Кто так поздно скачет сквозь ветер и ночь? Это отец с ребенком. Он крепко прижал к себе мальчика, ребенку у отца покойно, ребенку у отца тепло. «Мой сын, что ты так робко прячешь лицо?» — «Отец, ты не видишь Лесного Царя? Лесного Царя в короне и с хвостом?» — «Мой сын, это полоса тумана!» — «Милое дитя, иди ко мне, иди со мной! Я буду играть с тобой в чудные игры. На побережье моем — много пестрых цветов, у моей матери — много золотых одежд!» — «Отец, отец, неужели ты не слышишь, что Лесной Царь мне шепотом обещает?» — «Успокойся, мой сын, не бойся, мой сын, в сухой листве — ветер шуршит». — «Хочешь, нежный мальчик, идти со мной?
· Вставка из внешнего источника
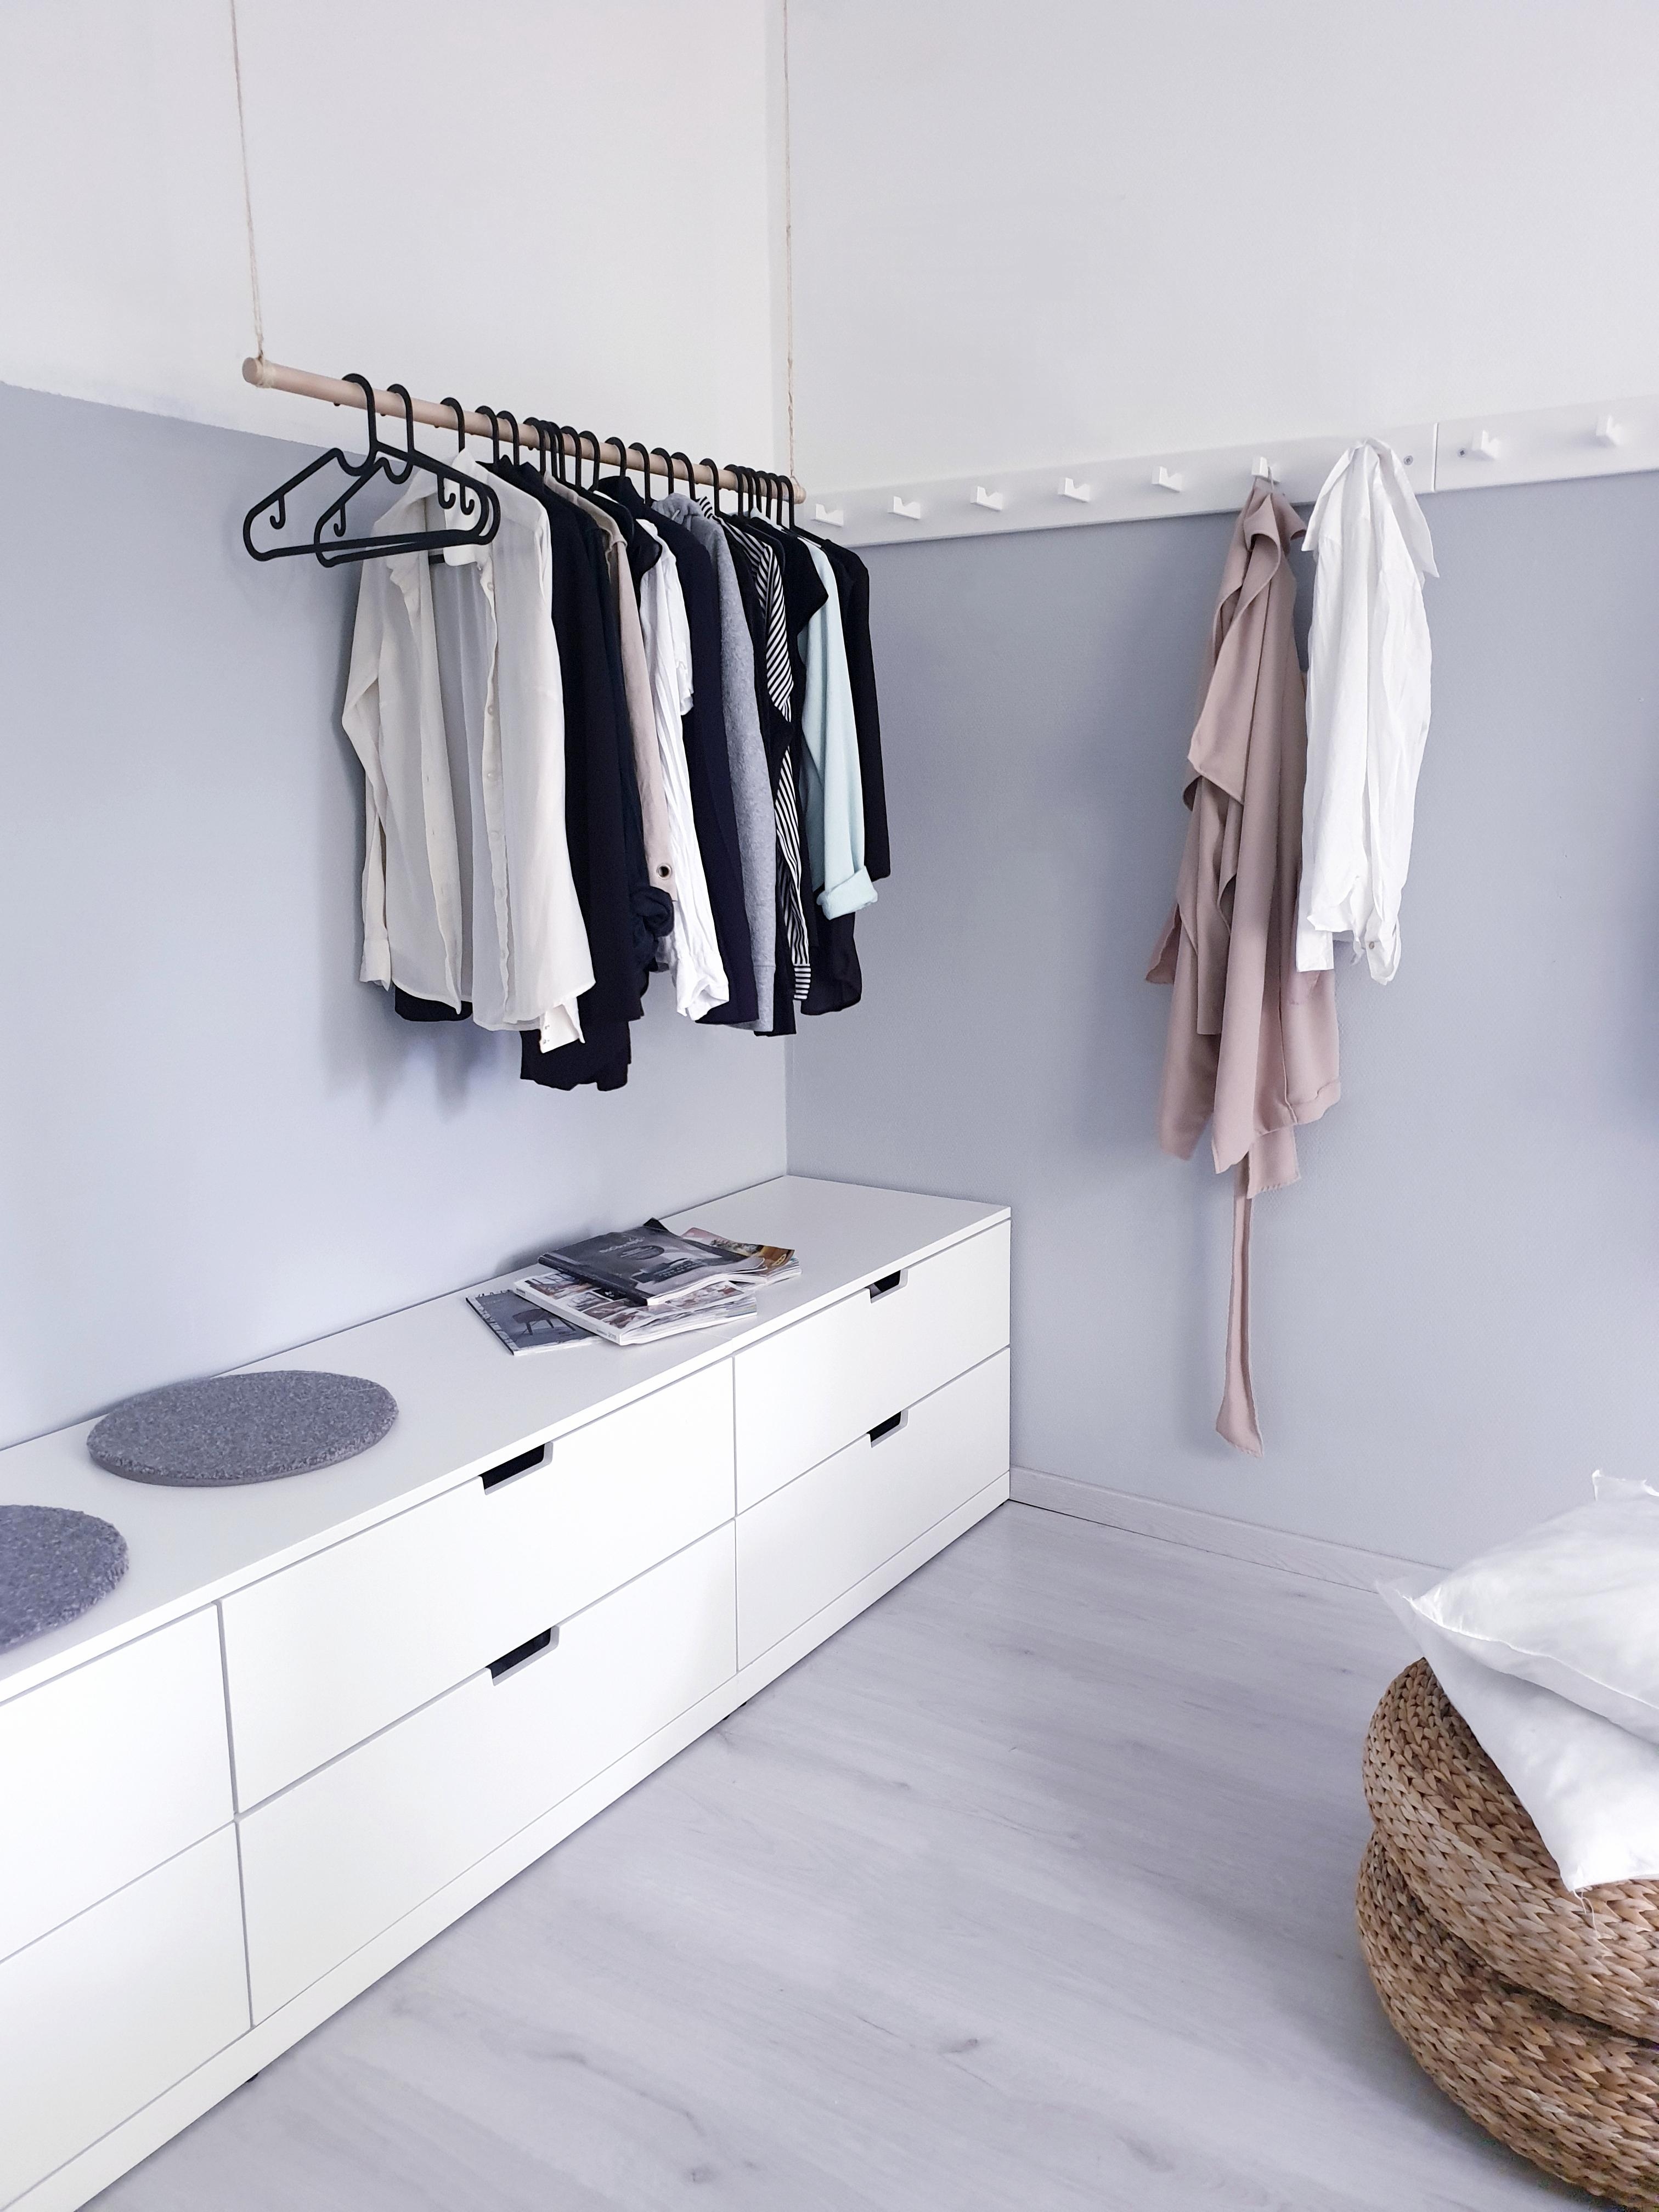 Die offene Variante eines Kleiderschranks 🙃
#kleiderstange #garderobe #kleiderhaken #minimalistisch #kommode

Мои дочери чудно тебя будут нянчить, мои дочери ведут ночной хоровод, — убаюкают, упляшут, упоют тебя». — «Отец, отец, неужели ты не видишь — там, в этой мрачной тьме, Лесного Царя дочерей?» — «Мой сын, мой сын, я в точности вижу: то старые ивы так серо светятся. » — «Я люблю тебя, меня уязвляет твоя красота! Не хочешь охотой — силой возьму!» — «Отец, отец, вот он меня схватил! Лесной Царь мне сделал больно!» Отцу жутко, он быстро скачет, он держит в объятьях стонущее дитя, доскакал до двора с трудом, через силу — ребенок в его руках был мертв.

Знаю, что неблагодарная задача после гениального и вольного поэтического перевода давать дословный прозаический подневольный, но это мне для моей нынешней задачи необходимо.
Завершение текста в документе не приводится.